- _Data excerpt_
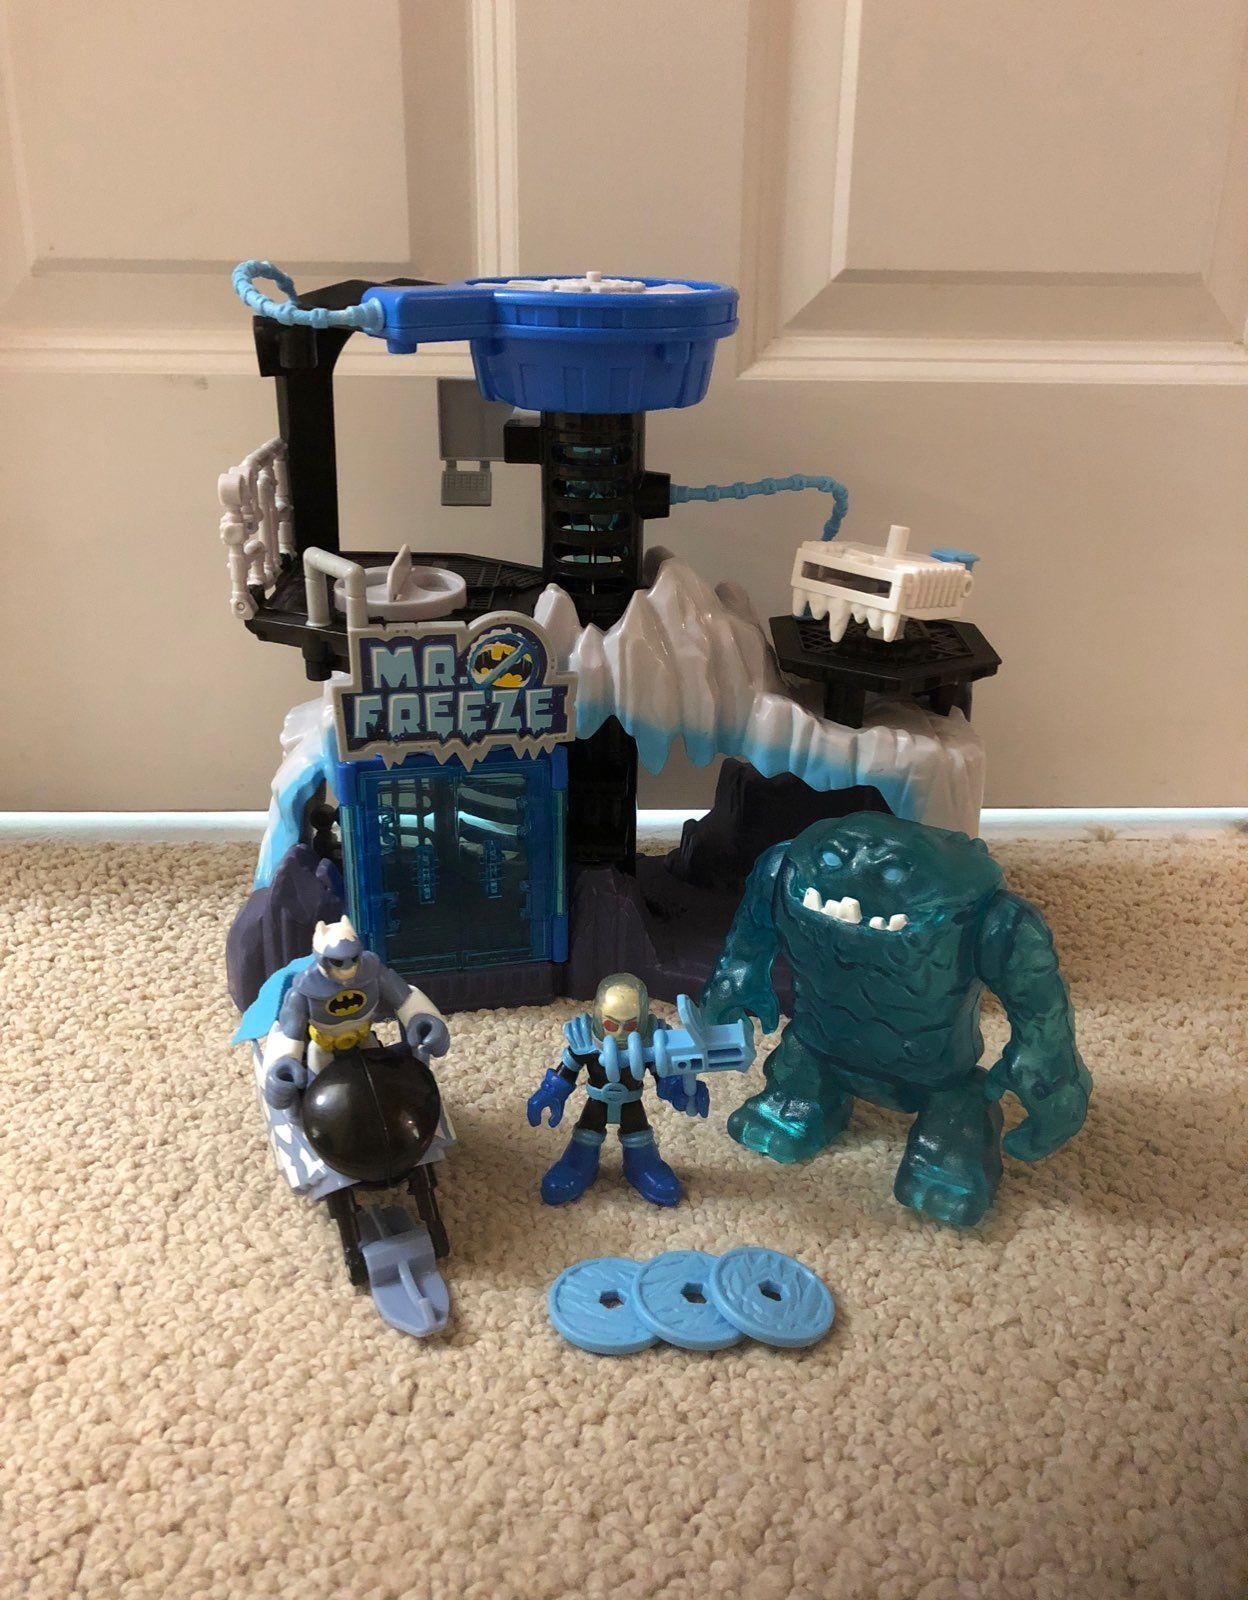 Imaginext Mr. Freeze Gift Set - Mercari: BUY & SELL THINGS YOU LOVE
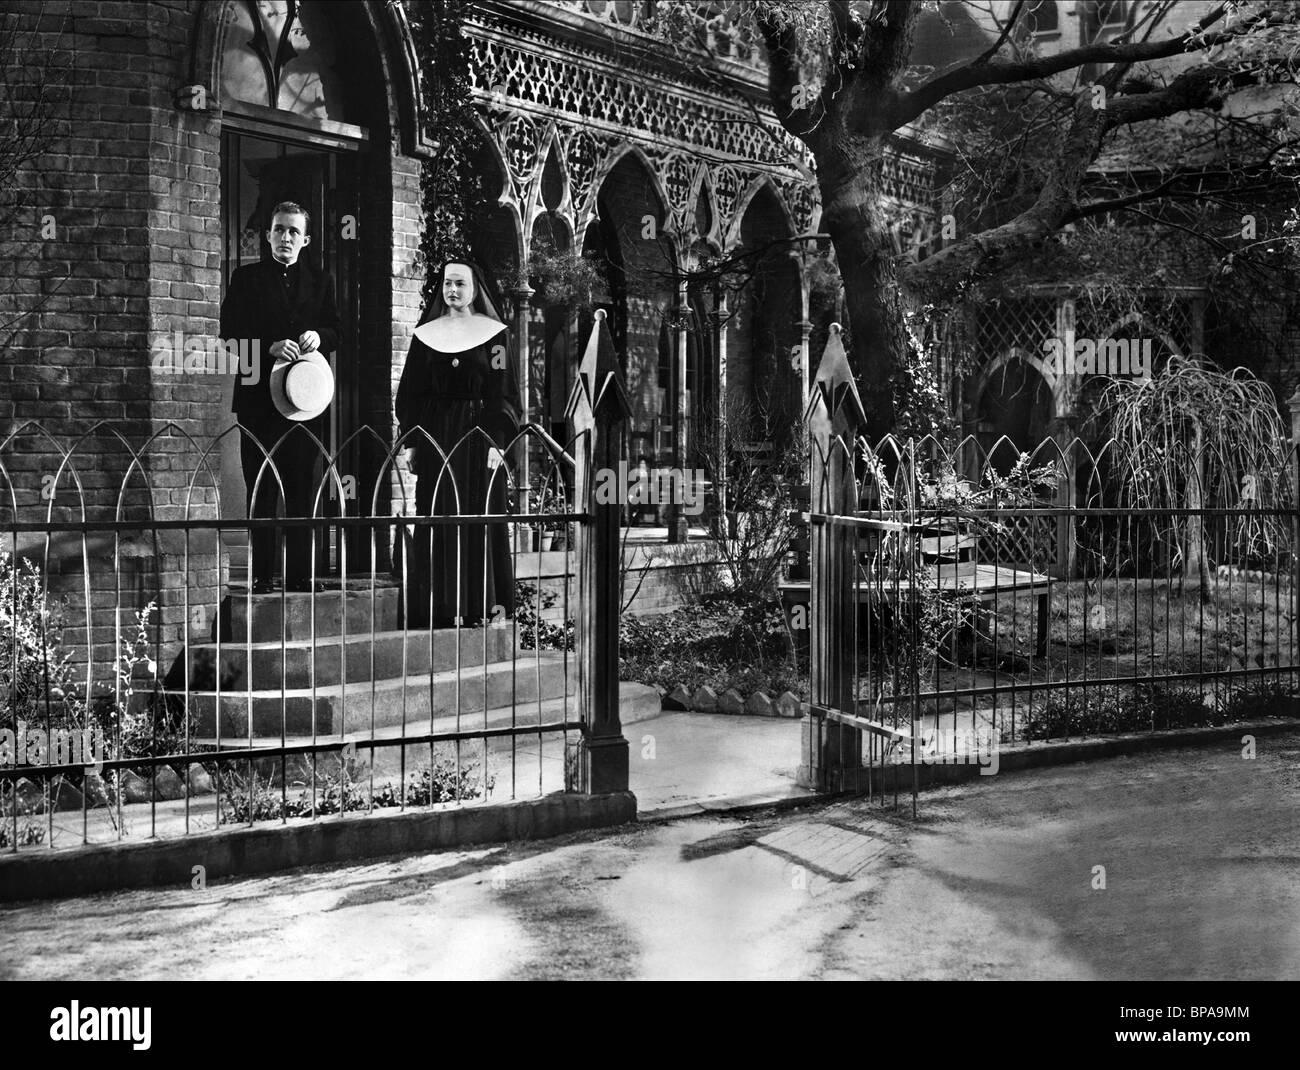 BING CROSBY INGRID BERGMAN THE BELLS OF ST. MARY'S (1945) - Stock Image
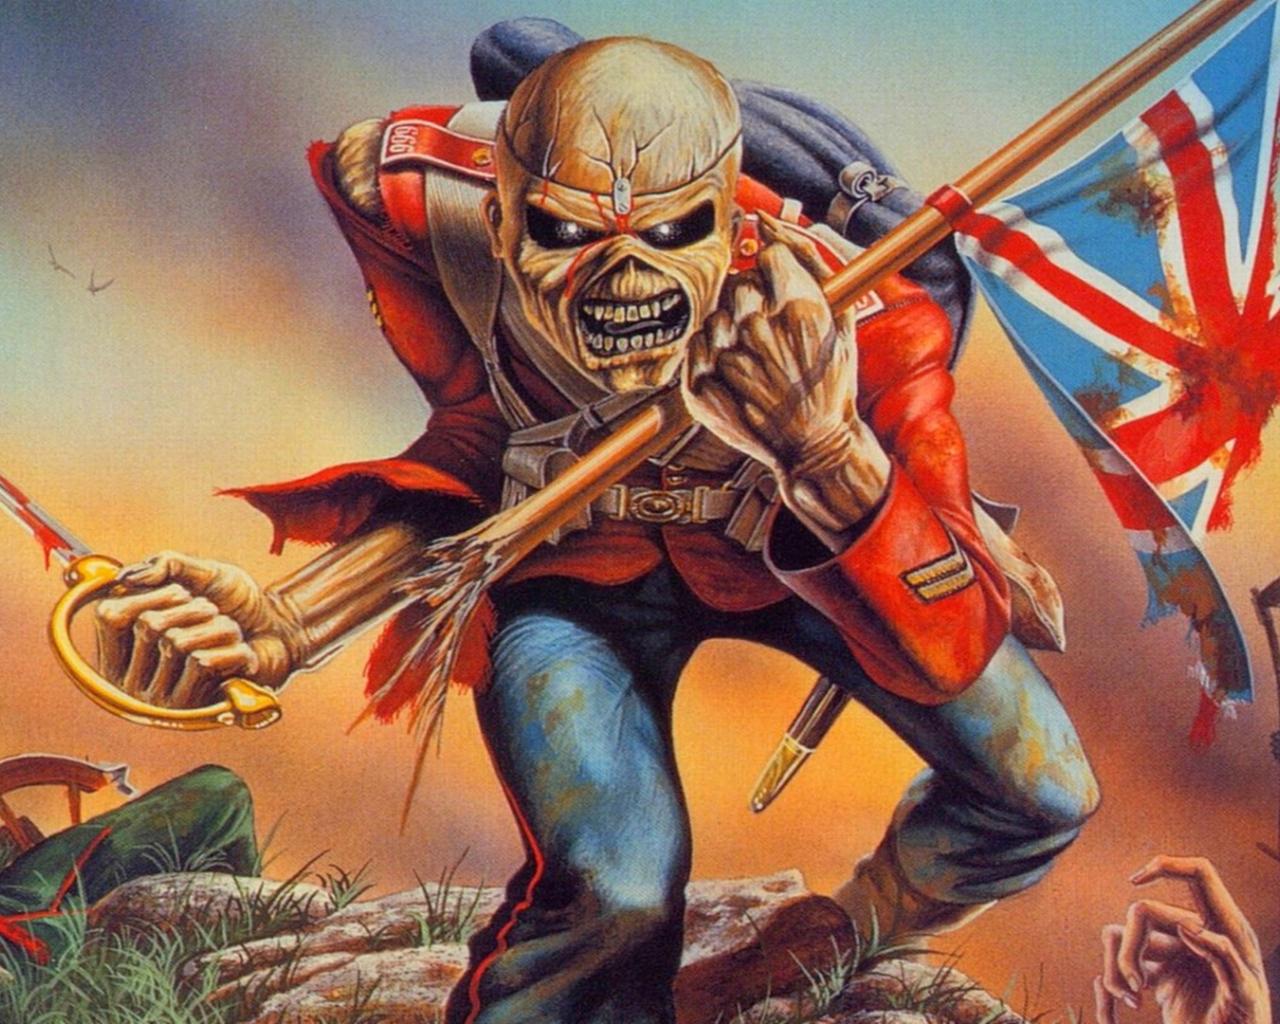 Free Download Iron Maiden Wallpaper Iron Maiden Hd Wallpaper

- _What the task asks_
Return each of the lines exactly as they appear above, with no images.

- _Response box_
 Imaginext Mr. Freeze Gift Set - Mercari: BUY & SELL THINGS YOU LOVE
 BING CROSBY INGRID BERGMAN THE BELLS OF ST. MARY'S (1945) - Stock Image
 Free Download Iron Maiden Wallpaper Iron Maiden Hd Wallpaper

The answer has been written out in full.